(Beginning of DATA)

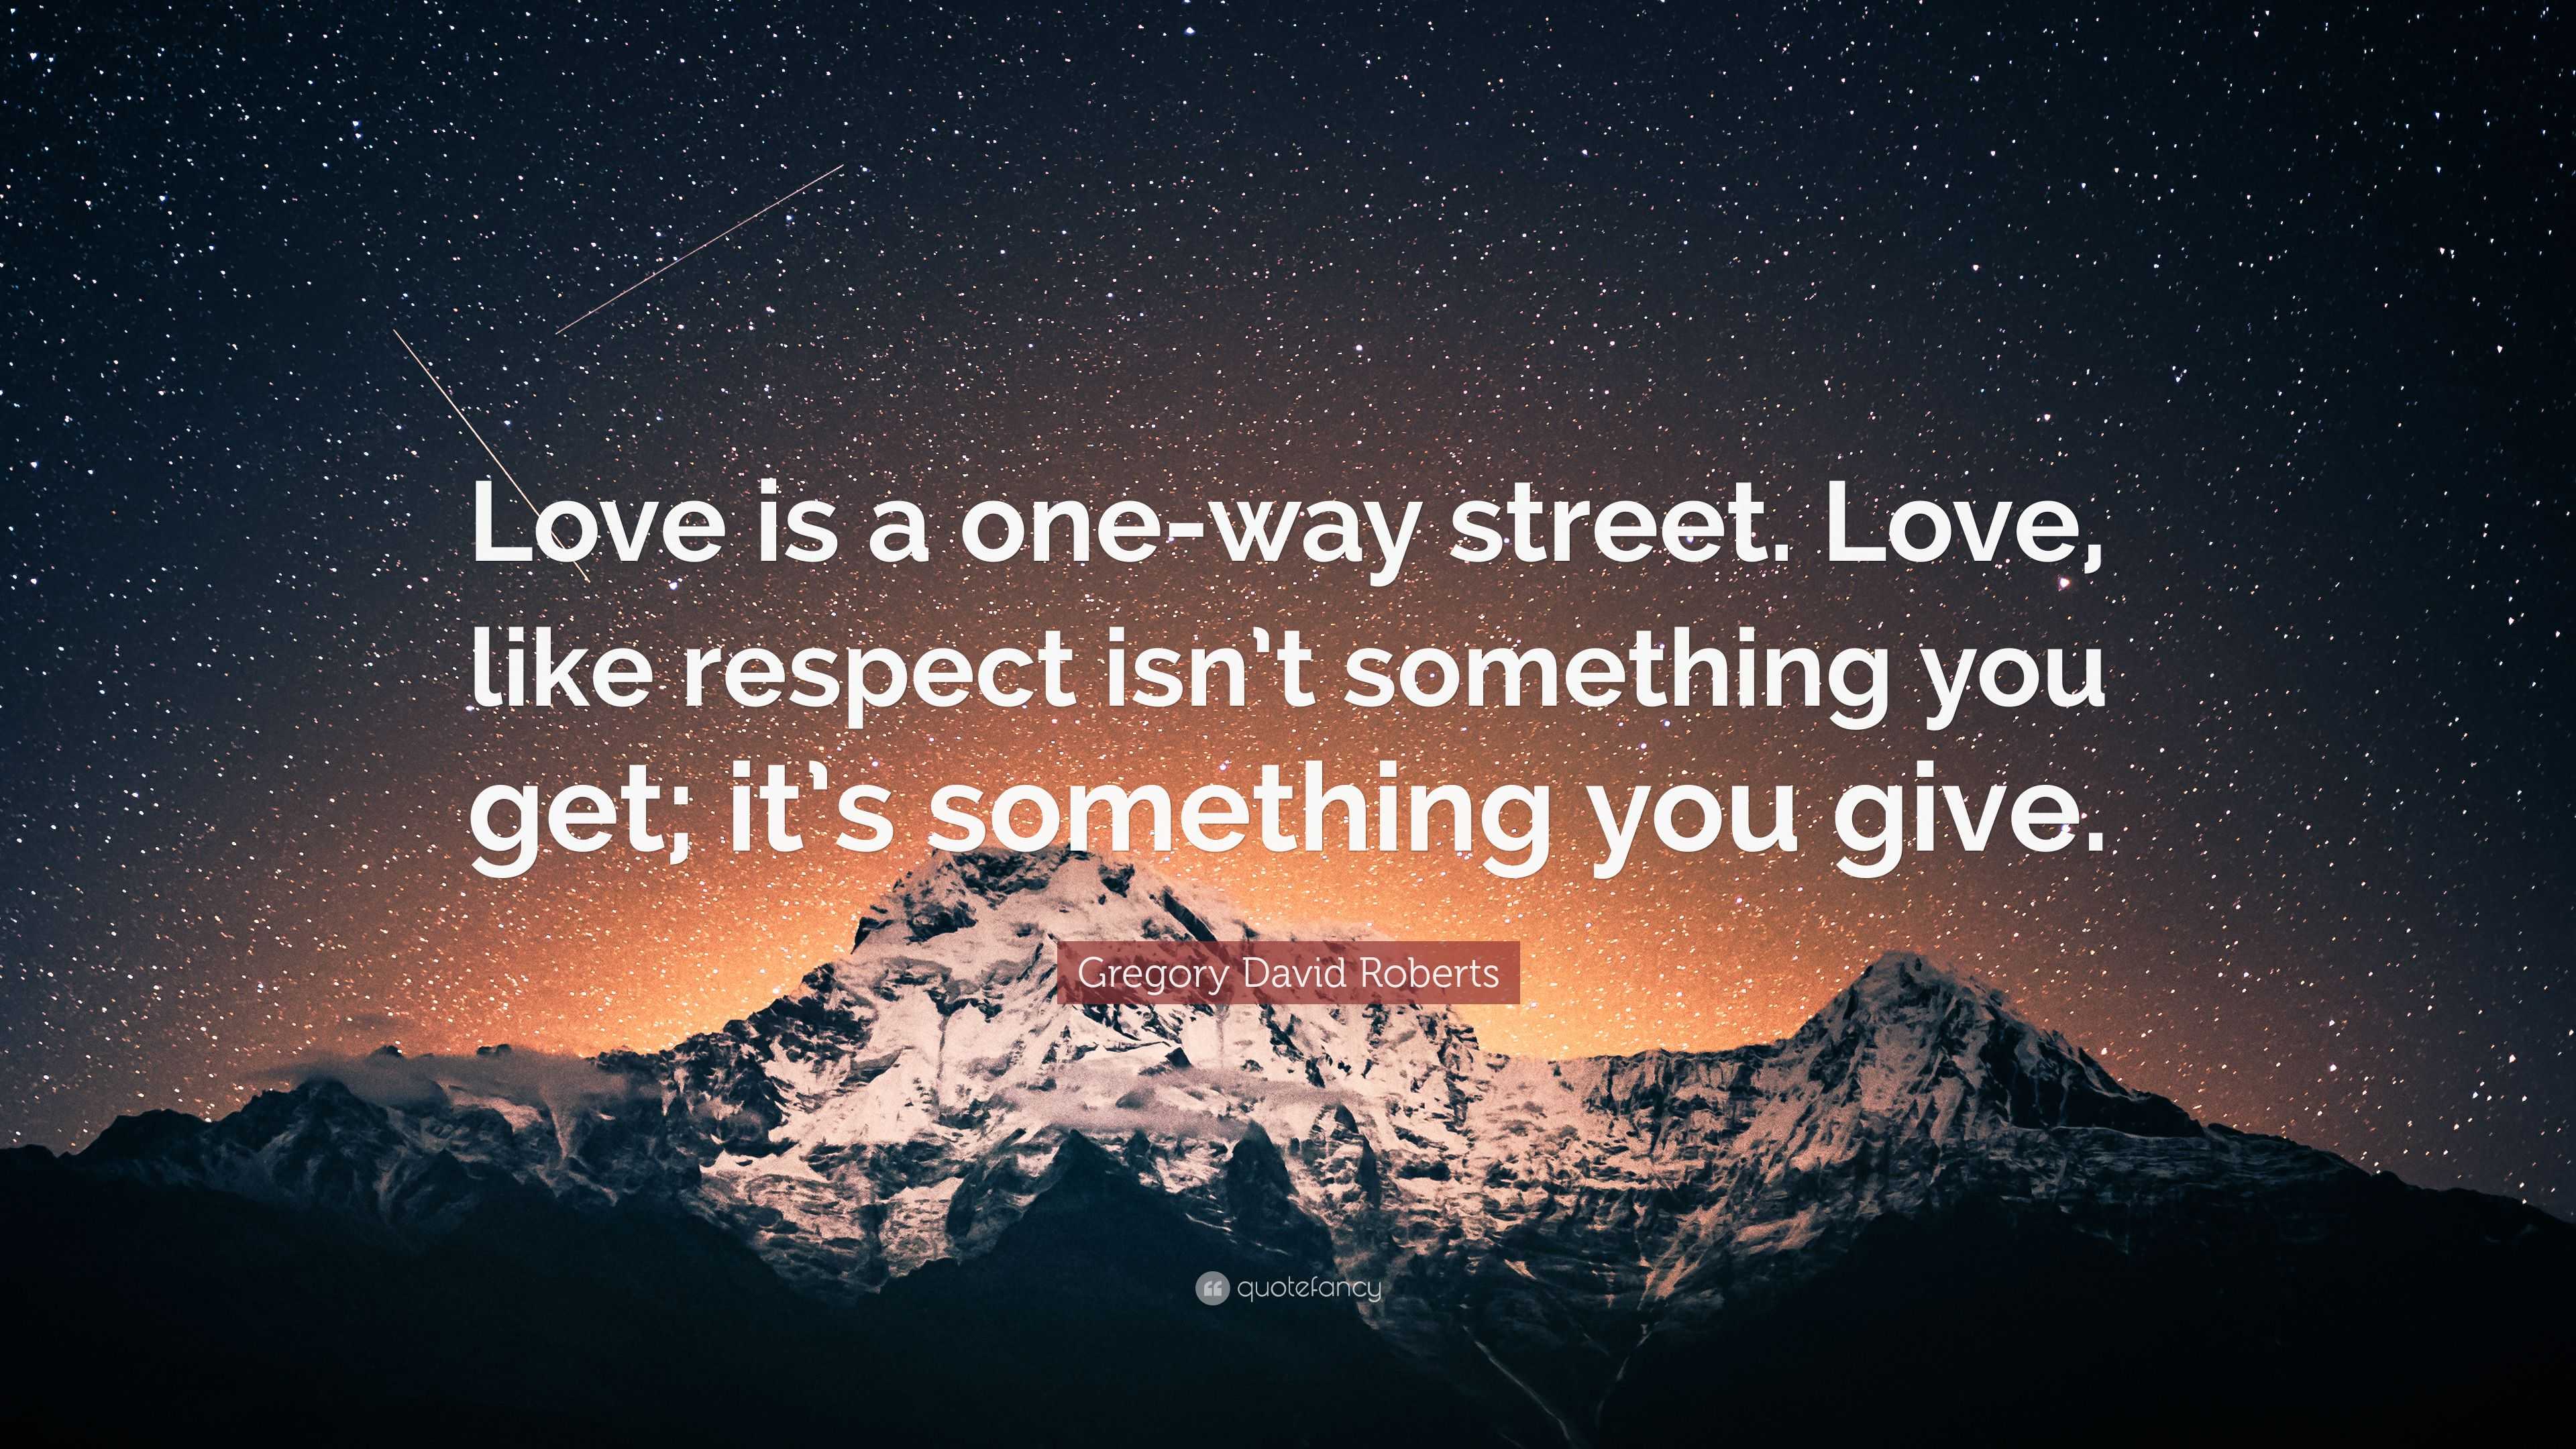 Gregory David Roberts Quote “Love is a one way street Love
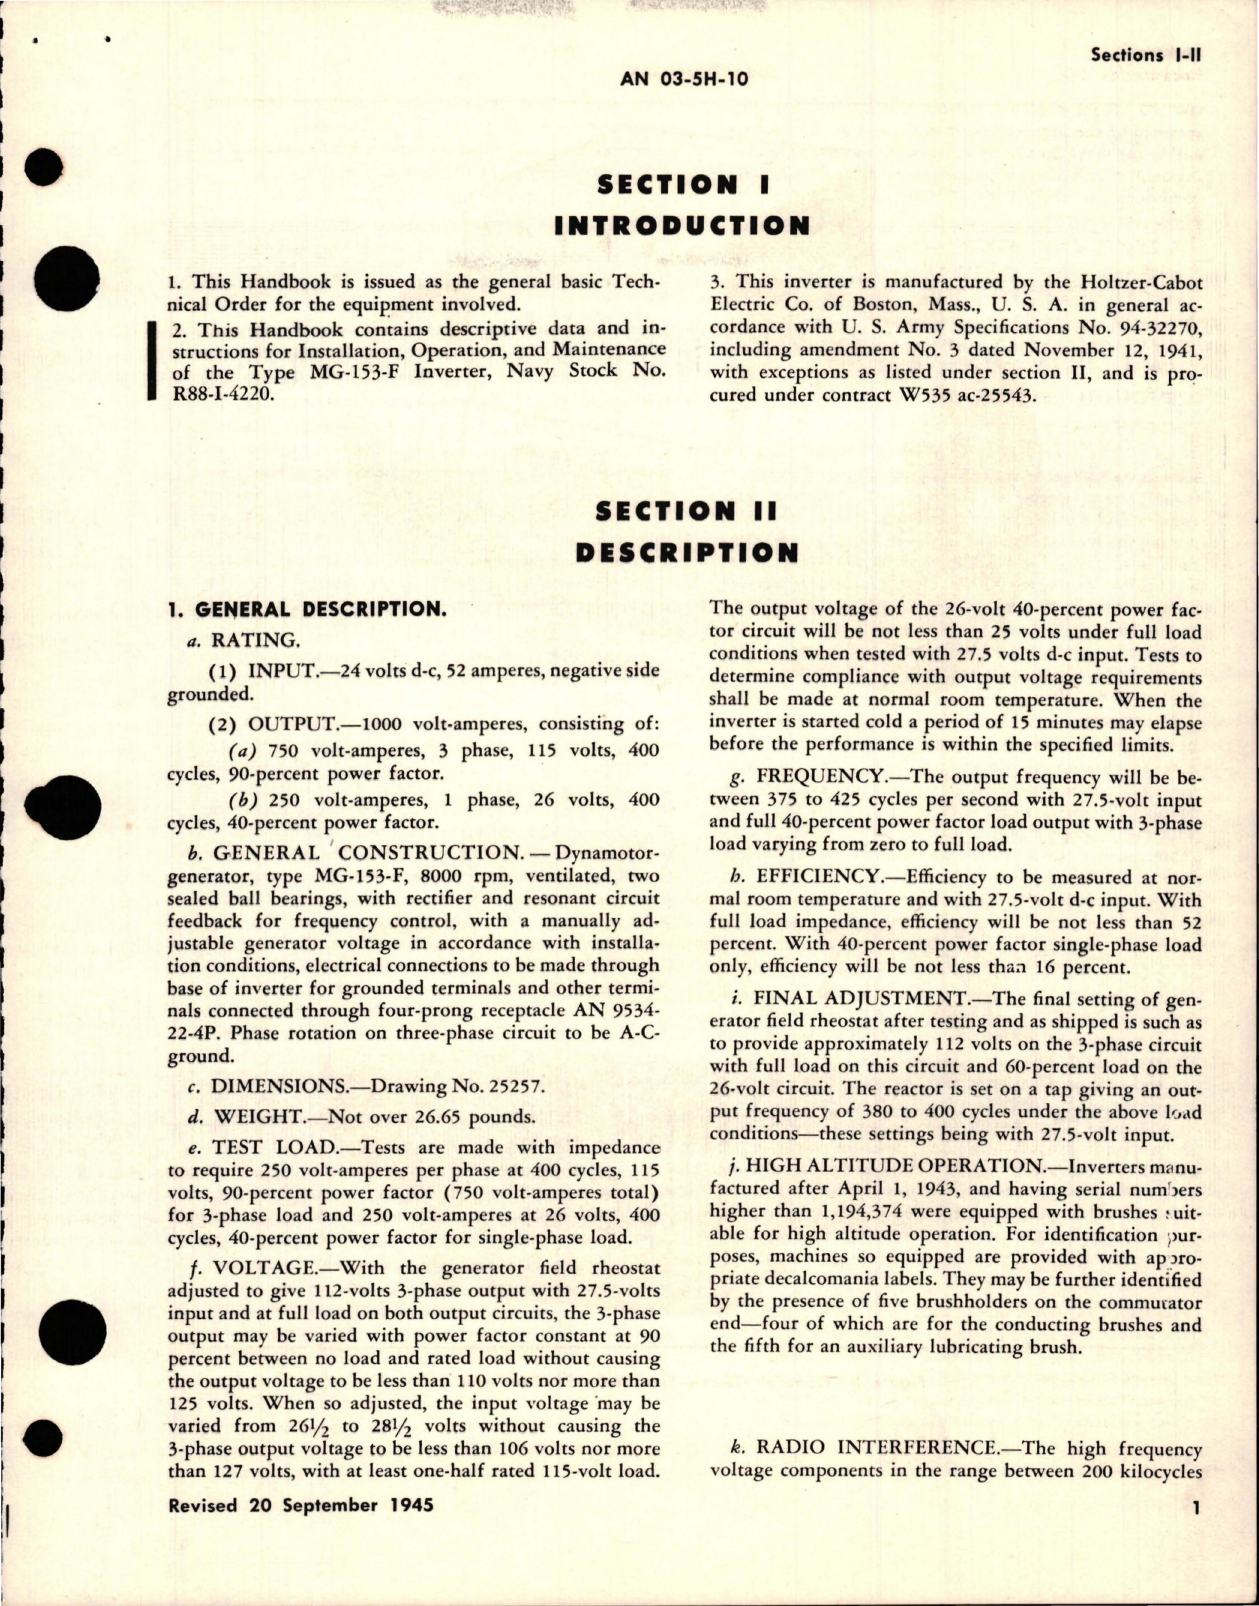 Sample page 5 from AirCorps Library document: Operation, Service & Overhaul Instructions with Parts Catalog for Inverter - Type MG-153F 
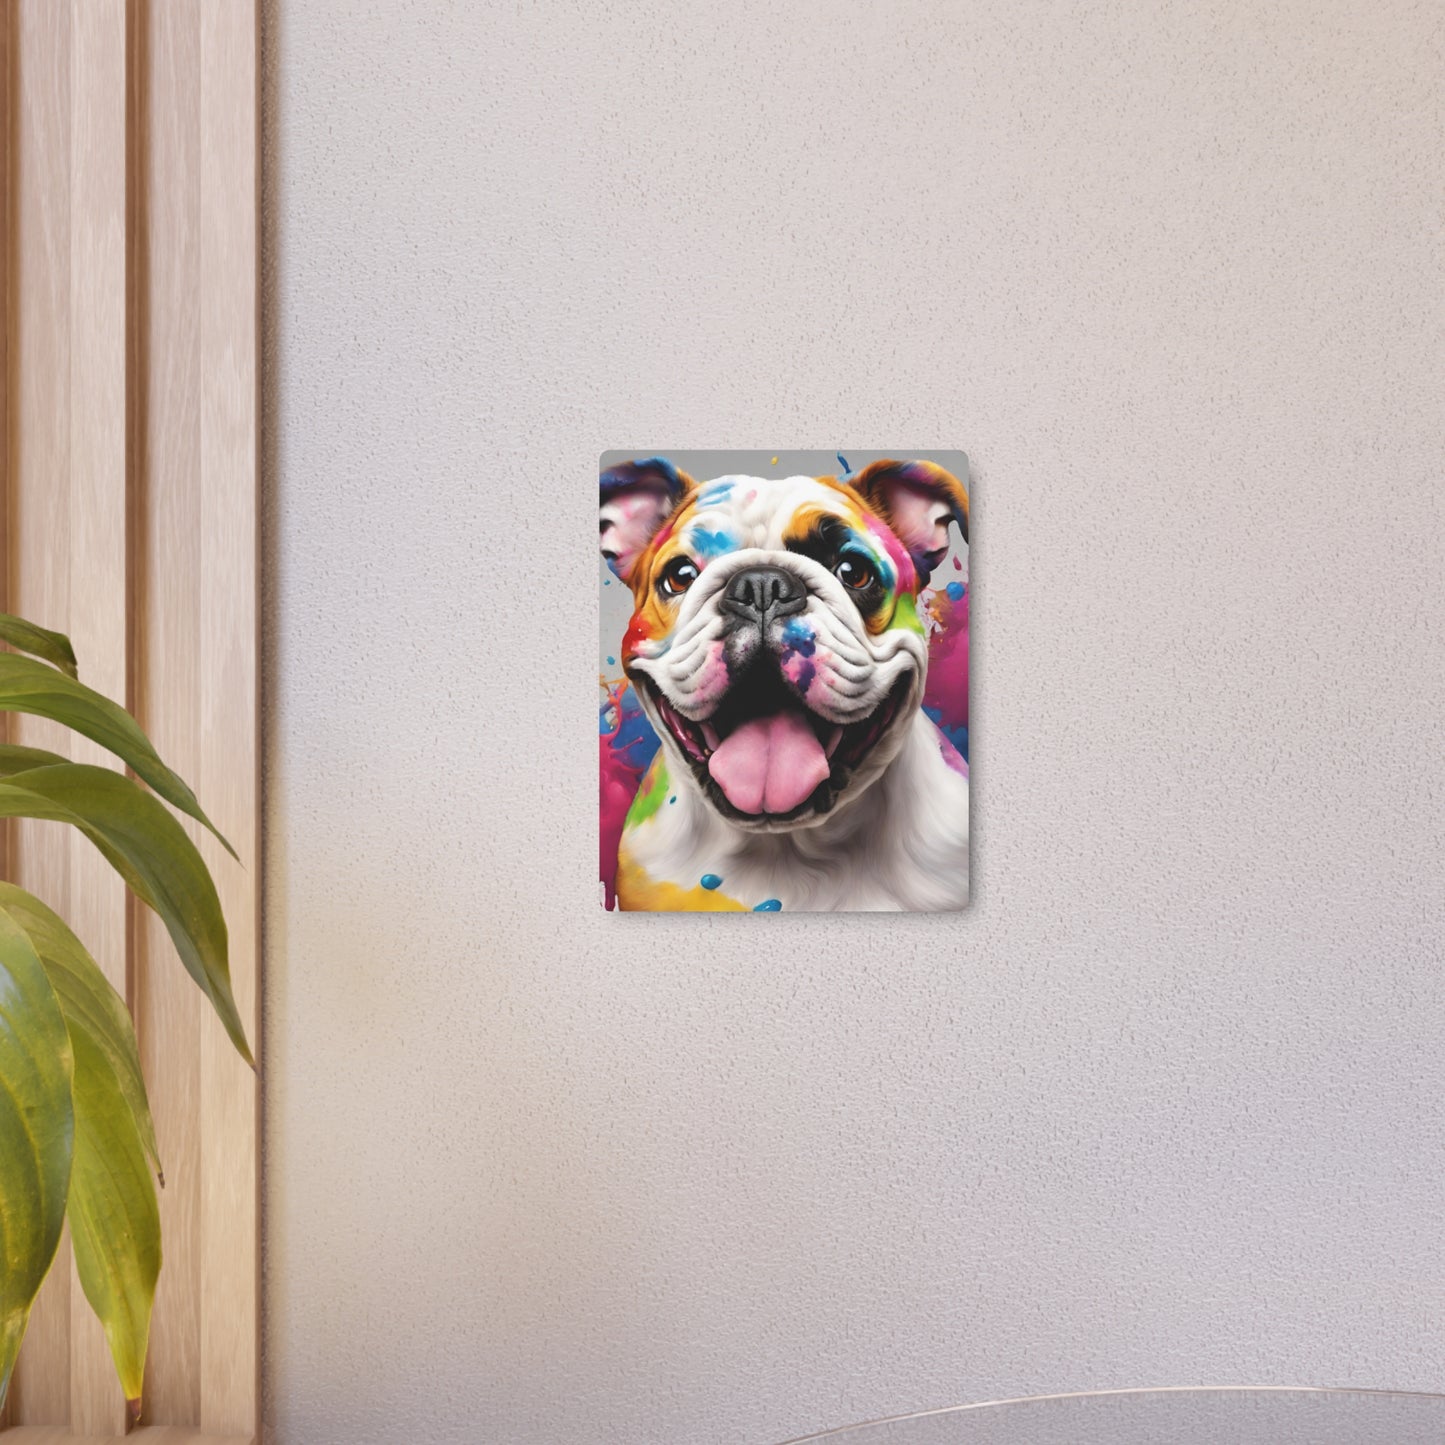 Metal Wall Art Decor featuring a Colorful Bulldog . Mounting tools included. Versatile Home Decor.
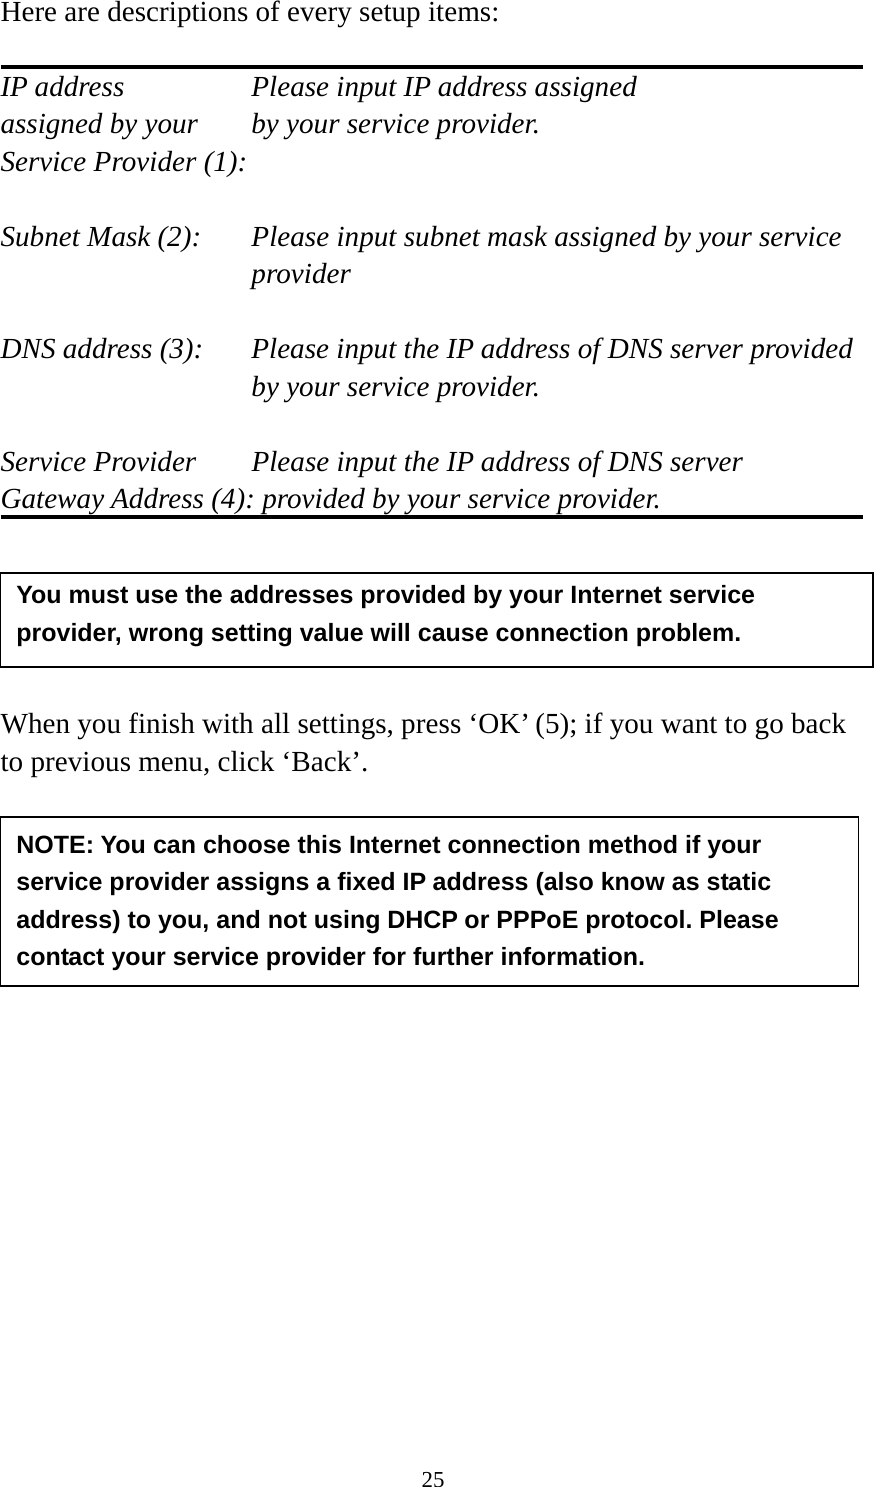 25 Here are descriptions of every setup items:  IP address        Please input IP address assigned assigned by your    by your service provider. Service Provider (1):    Subnet Mask (2):    Please input subnet mask assigned by your service provider   DNS address (3):    Please input the IP address of DNS server provided by your service provider.  Service Provider    Please input the IP address of DNS server Gateway Address (4): provided by your service provider.      When you finish with all settings, press ‘OK’ (5); if you want to go back to previous menu, click ‘Back’.                  NOTE: You can choose this Internet connection method if your service provider assigns a fixed IP address (also know as static address) to you, and not using DHCP or PPPoE protocol. Please contact your service provider for further information. You must use the addresses provided by your Internet service provider, wrong setting value will cause connection problem.

(End of DATA)

WHAT TO PRODUCE. Print the whole listing exactly, please, and keep any images out of it.

RESPONSE AREA.
 Gregory David Roberts Quote “Love is a one way street Love
 Sample page 5 from AirCorps Library document: Operation, Service & Overhaul Instructions with Parts Catalog for Inverter - Type MG-153F 
 Metal Wall Art Decor featuring a Colorful Bulldog . Mounting tools included. Versatile Home Decor.
 25 Here are descriptions of every setup items:  IP address        Please input IP address assigned assigned by your    by your service provider. Service Provider (1):    Subnet Mask (2):    Please input subnet mask assigned by your service provider   DNS address (3):    Please input the IP address of DNS server provided by your service provider.  Service Provider    Please input the IP address of DNS server Gateway Address (4): provided by your service provider.      When you finish with all settings, press ‘OK’ (5); if you want to go back to previous menu, click ‘Back’.                  NOTE: You can choose this Internet connection method if your service provider assigns a fixed IP address (also know as static address) to you, and not using DHCP or PPPoE protocol. Please contact your service provider for further information. You must use the addresses provided by your Internet service provider, wrong setting value will cause connection problem.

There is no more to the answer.